UBS, the world's largest wealth management group and Europe's largest bank in terms of assets, noted in their UBS Metals Daily a Reuters news story on this development: 'China's wealthiest investors set for gold spree.'


"China's wealthiest investors are on the brink of ploughing as much as $68 billion into gold markets as they take profits from roaring share prices and steer clear of property, a top fund manager and bullion bull says. Wang Weilie, a pale, bespectacled 40-something who manages over 1 billion yuan ($135 million) on the Shanghai Gold Exchange on behalf of himself and clients, says the so-called "Zhejiang clique" are ready to pounce after Beijing opens up spot market bullion trading and a futures contract launches early next year. After amassing an estimated 3 trillion yuan ($400 billion) from investing in red-hot real estate and stock markets which have risen five-fold in the past two years, the wealthy group from eastern China is looking for the next sure bet. Wang says that's gold, and expects the amount of Chinese capital invested in the bullion market to soar 100-fold to some 500 billion yuan ($67.5 billion) in the next two years -- a sum that could catapult China ahead of India as the world's top buyer.

"We all agreed that upside room on stocks was limited, as was upside on property prices. But the gold price has only increased minimally, even after 20 years of China's reform and market opening," Wang told Reuters during a lunch with three business partners in Lujiazui, Shanghai's financial hub. Coupled with inflation and global economic uncertainty, the redirection of Chinese capital towards domestic gold contracts will help spot prices more than double, says Wang, who says he once cornered two-thirds of the Chinese gold forward contract. "Spot gold prices will hit $2,000 in coming years," he said. Spot gold touched a 28-year high of $845.40 per ounce in early November, nearly doubling over three years amid a flood of investment in the commodities complex -- much of it driven by China's growing demand for raw materials to fuel its economy. Wang expects more than 15 percent of the capital currently invested in China's stock market to move to gold trading. China's total market capitalization peaked at about 35 trillion yuan in October, exceeding the country's gross domestic product. The main stock index tumbled nearly 20 percent last month while Beijing has continued tightening controls over the property sector to limit price gains."

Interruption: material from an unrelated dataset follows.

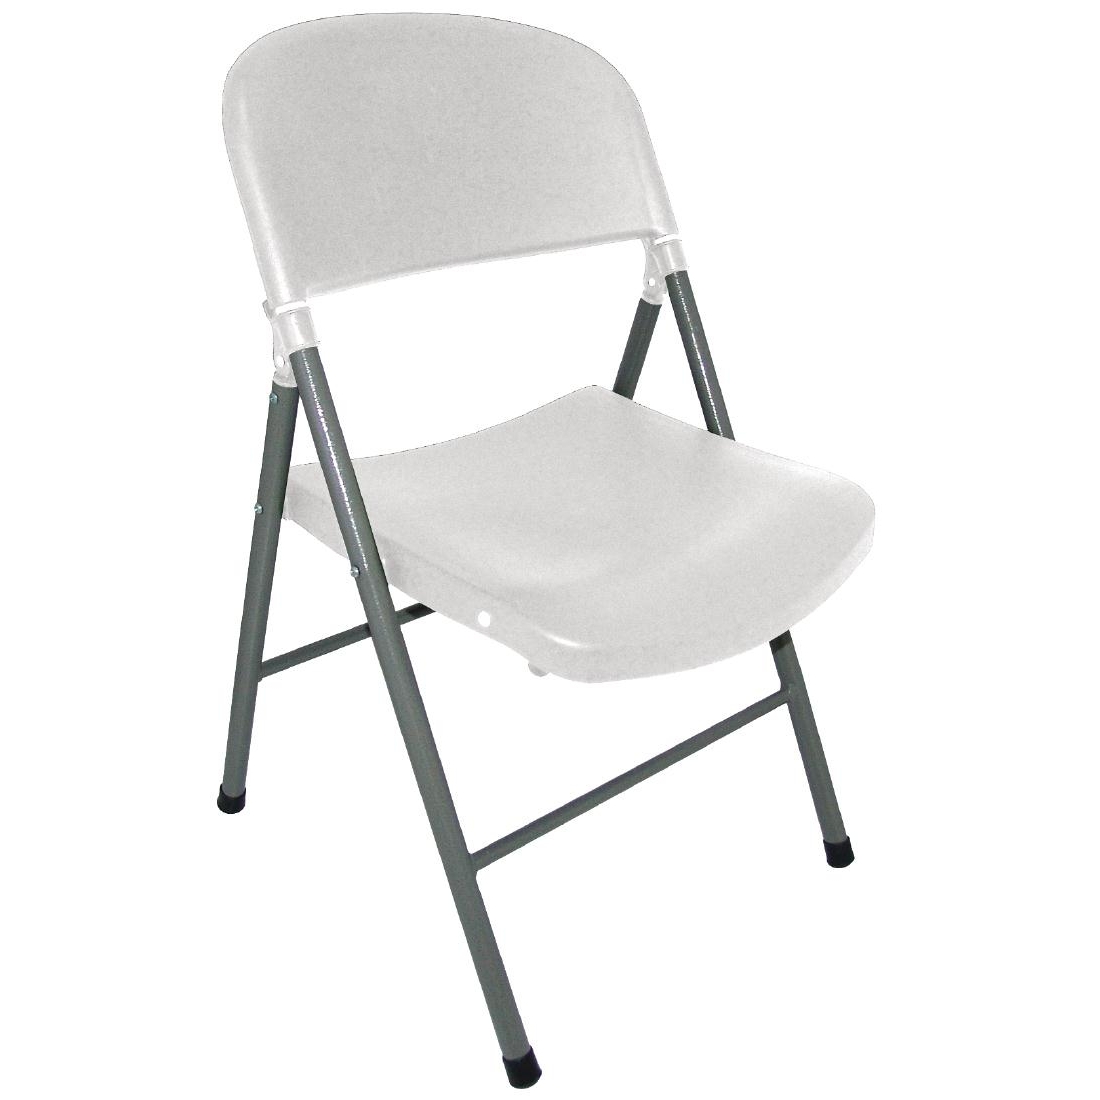 CE692 Bolero Foldaway utility chairs White/Black (Pack of 2)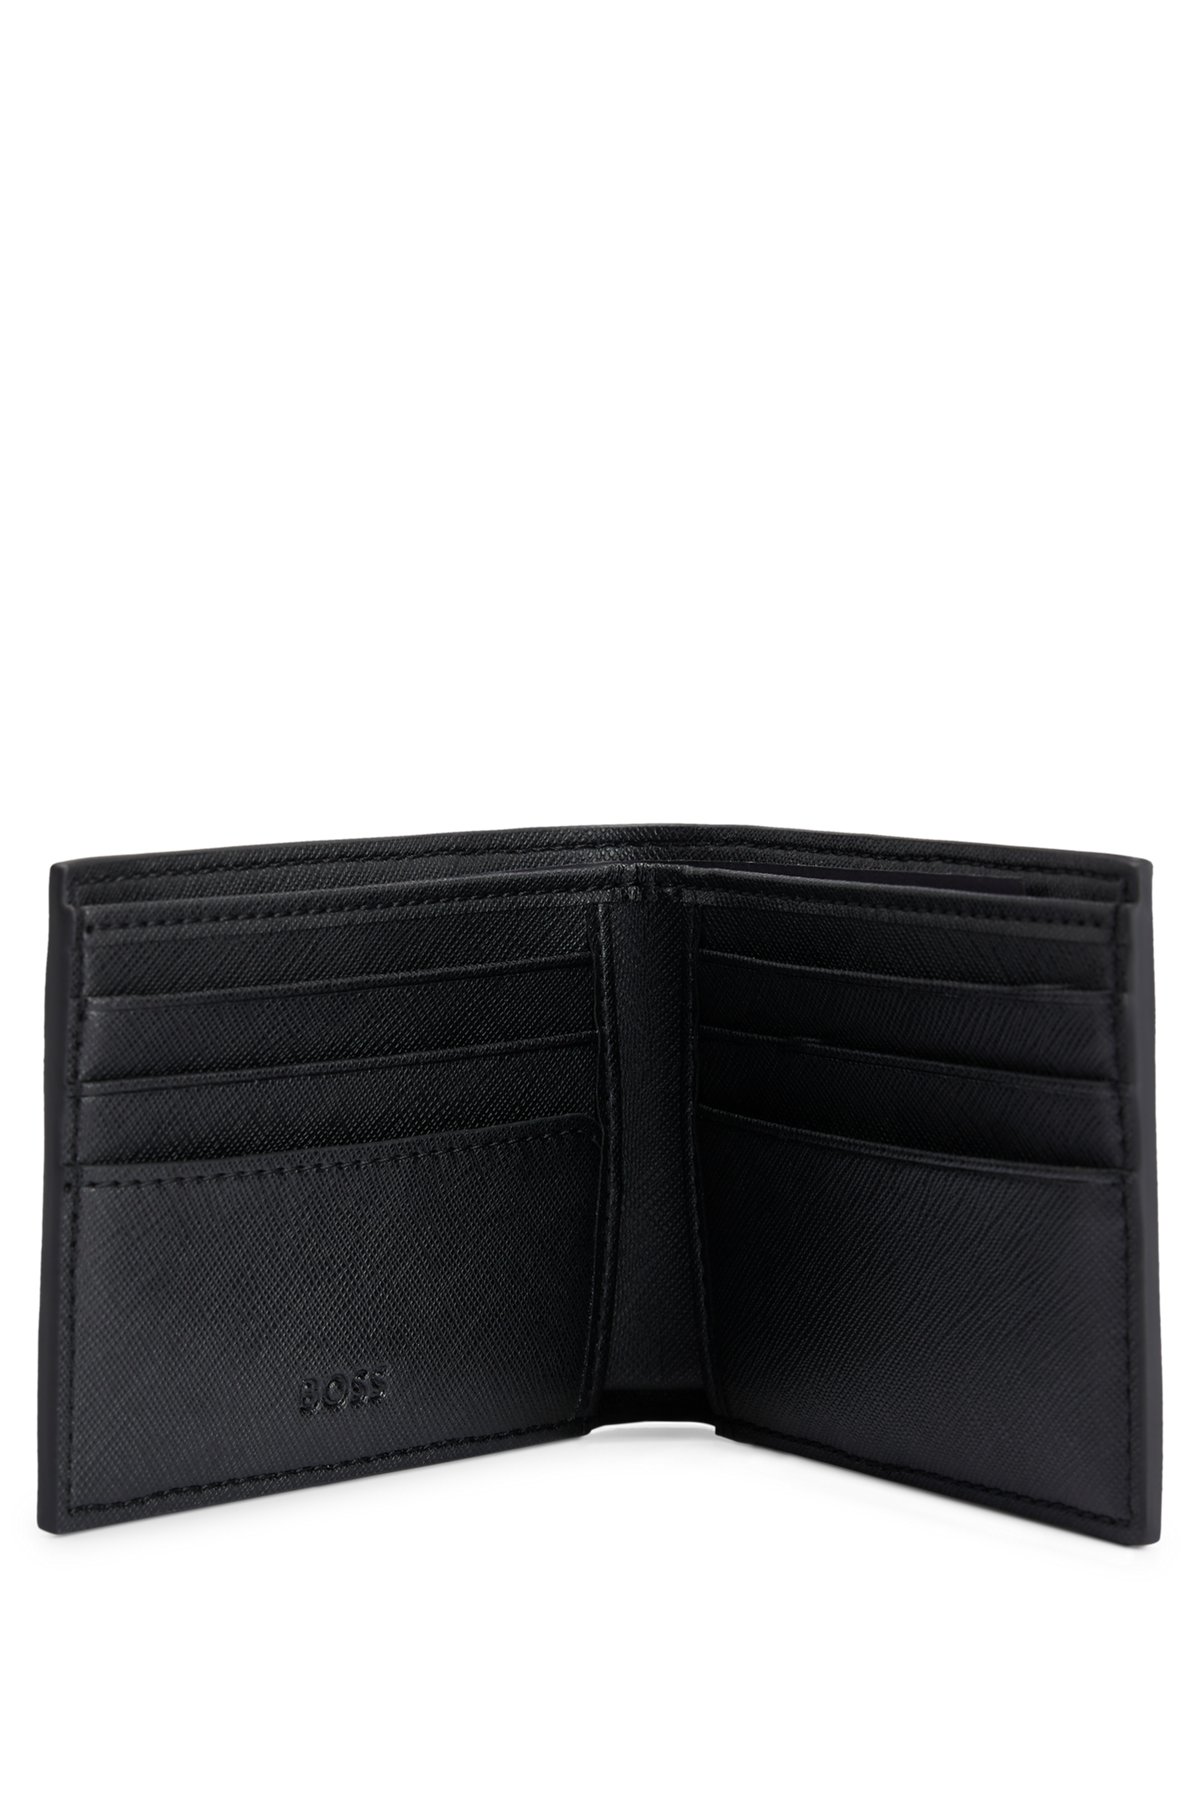 Structured billfold wallet with monogram detailing

Predictions of a 100 fold or 10,000% increase in Chinese demand might sound irrationally exuberant at first glance but they are not. A 100 fold increase would only result in Chinese capital of some $67.5 billion flowing into gold. This is a large amount as gold is quite a small marketplace in terms of the total vaue of all above ground gold stocks. However considering that Baidu, the Chinese internet company has a market capitalisation of $13.3 billion alone it puts this likely increase in demand in perspective.

This huge private demand is likely to be complimented by Chinese state and central bank investment in gold. An article in Reuters in May 2007 said that: “Chinese economists are urging Beijing to quadruple its gold reserves to 2,500 tonnes from the current 600 tonnes, because the country foreign exchange reserves had become the world's largest, an official industry newspaper reported on Tuesday.”

In addition to Russian and Chinese demand, Middle Eastern demand is very robust and increasing significantly quarter on quarter and year on year. Turkey's gold imports rose 22.4 percent year-on-year to 220 tonnes in the first 11 months of the year, data from the Istanbul Gold Exchange showed. Istanbul is a key supply hub into the Middle Eastern market. Geopolitical tension and macroeconomic risk in the region are being cited for the surge in gold imports.


Silver
Silver is trading at $14.61/62 at 1200 GMT.

PGMs
Platinum was trading at $1460/1464 (1200 GMT).
Spot palladium was trading at $344/350 an ounce (1200 GMT).

Oil
Oil stayed at just above $88 a barrel in early European trade Tuesday.